Petter and I writing in the typewith.me-doc that was shared among the 3 groups enabling us to see real time what the other groups were writing.

One of the concerns Milo and Viola expressed with regard to using SL in relation to their specific target group was the amount of information that the SL-user constantly is expected to cope with. To exemplify this they asked us to go to a freebie store and see if we could find and buy some doors ….


A typical example of a Freebies Store

and another example, which also includes sounds and animations  Tropical Paradise Designs


Lots of screen info – tuff .. not only for ADHD-patients …
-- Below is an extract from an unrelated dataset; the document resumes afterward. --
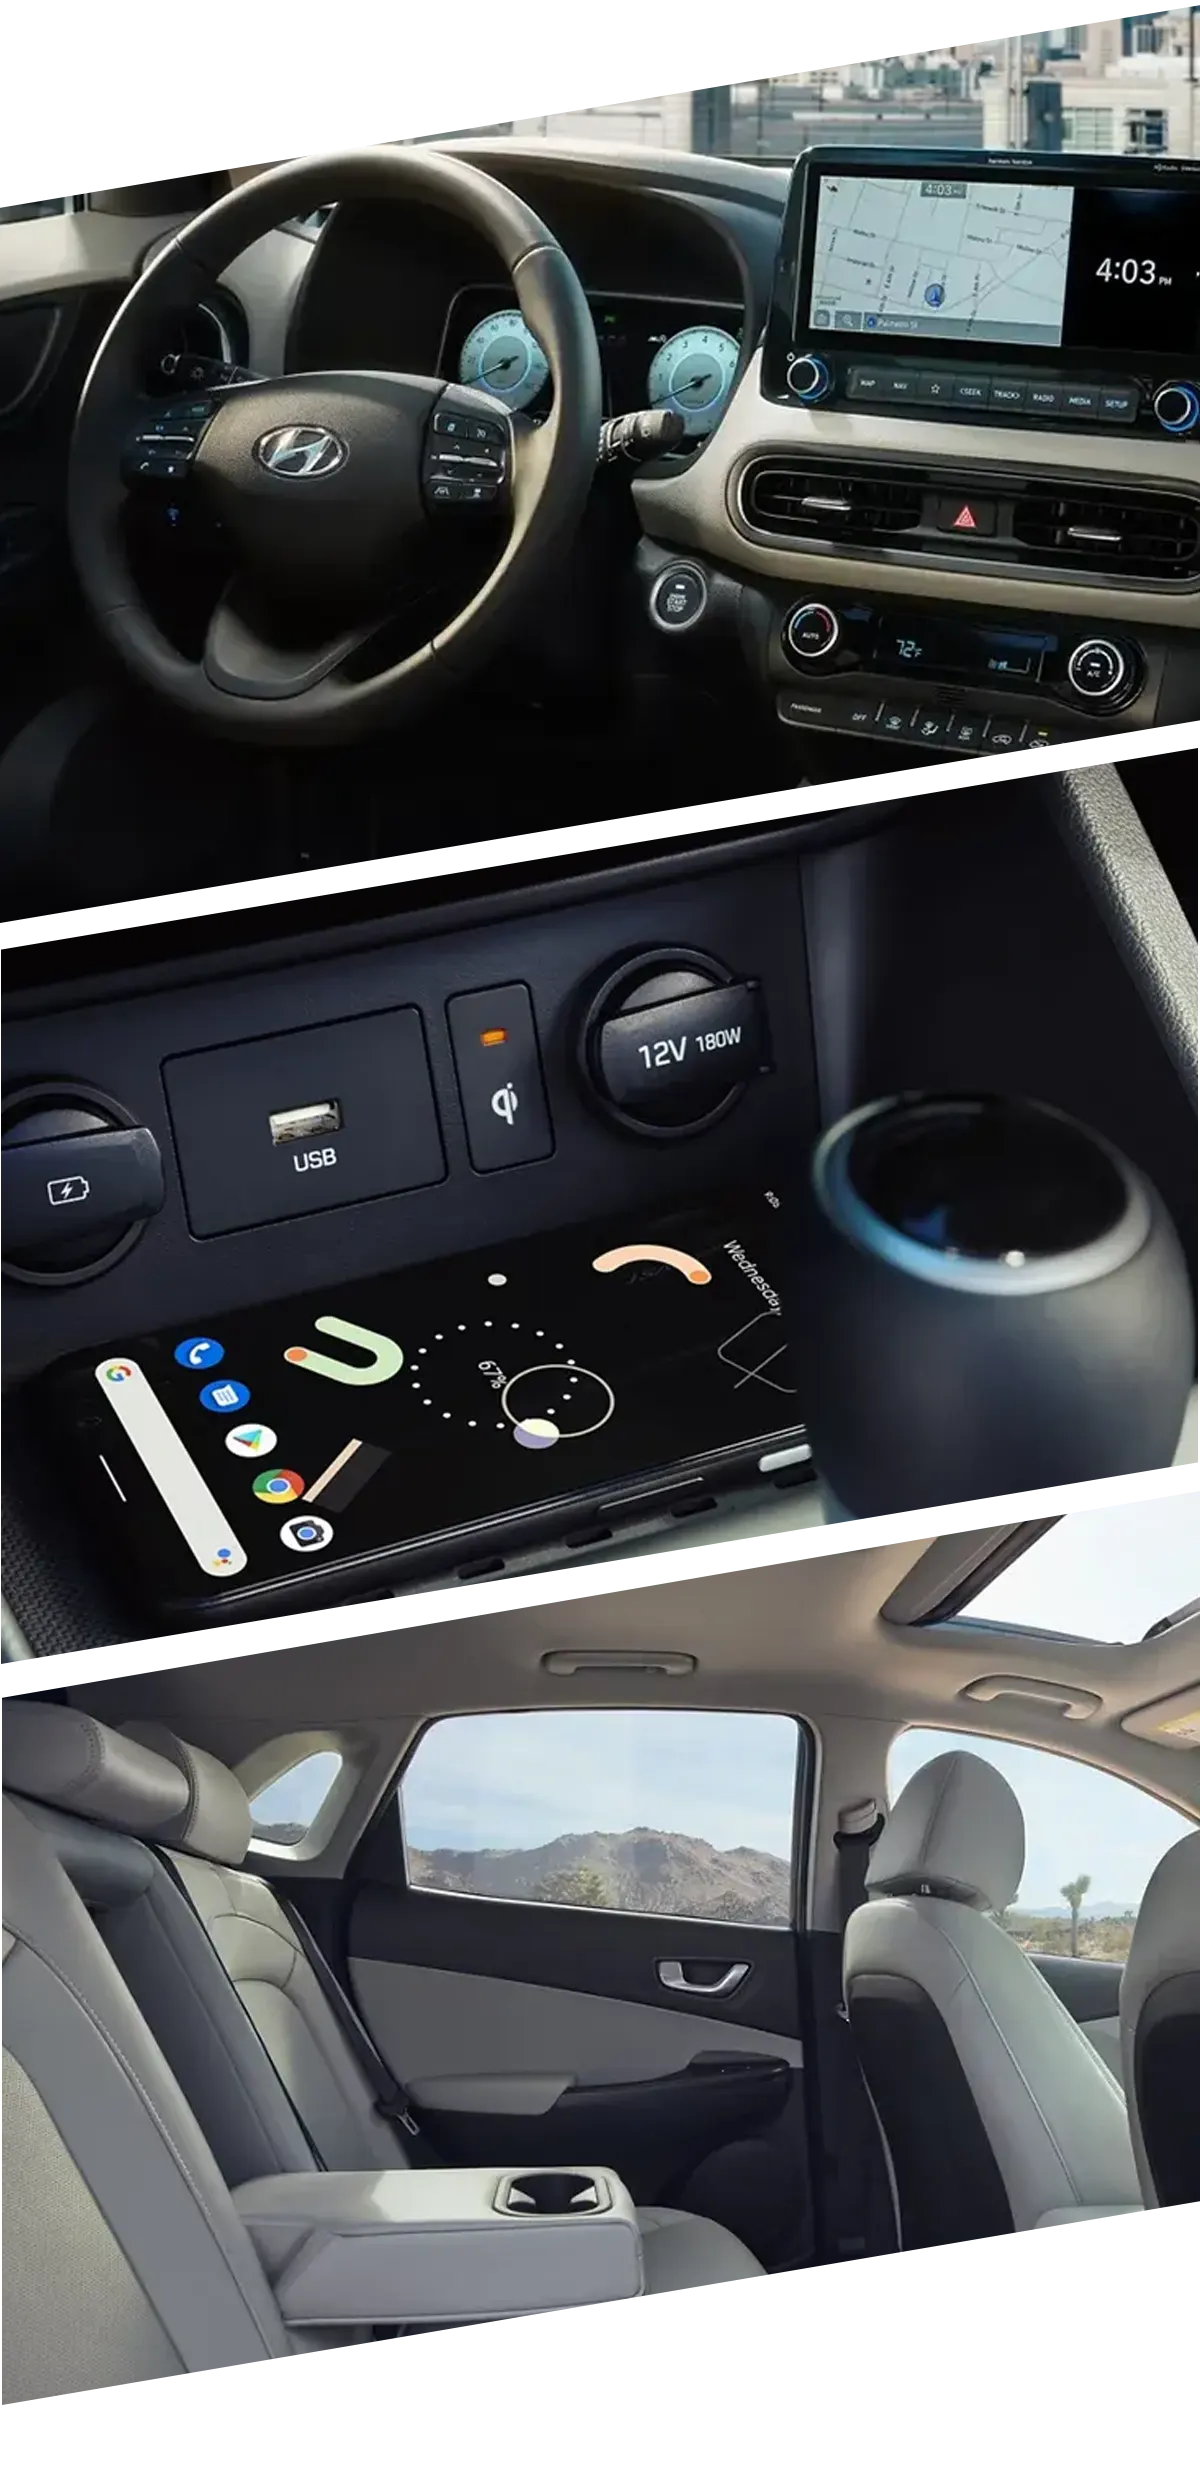 Brand New Hyundai Kona Interior Images

Next stop on the tour was the holodeck on the Danish Vision island. In the setting below ADHD-patients could practice social and communication skills in a safe environment.

We ended the tour visiting the Al Andalus Mezquita, which could be used in teaching more general life skill and as a setting for discussing different perspectives on culture, religion, life, and death.


Al Andalus Mezquita

Finally we all went back to the sandbox for the feedback session. Through this highly packed program Milo and Viola splendidly showed how the space in SL can be transformed into meaningful teaching and learning places, and we all appreciated their effort to use different features in the environment such as audio-visuals and shared media. The connection between pedagogic underpinnings and practical use of the medium was very strong and well reflected. Furthermore, Milo and Viola clearly demonstrated how an educational setting could be designed with free objects found in various freebie shops in-world.

This was the fourth and final student presentation in the course – and I do think that Milo and Viola managed to leave us all with a very good impression of the teaching and learning potentials of SL – not only in relation to ADHD-patients, but in general.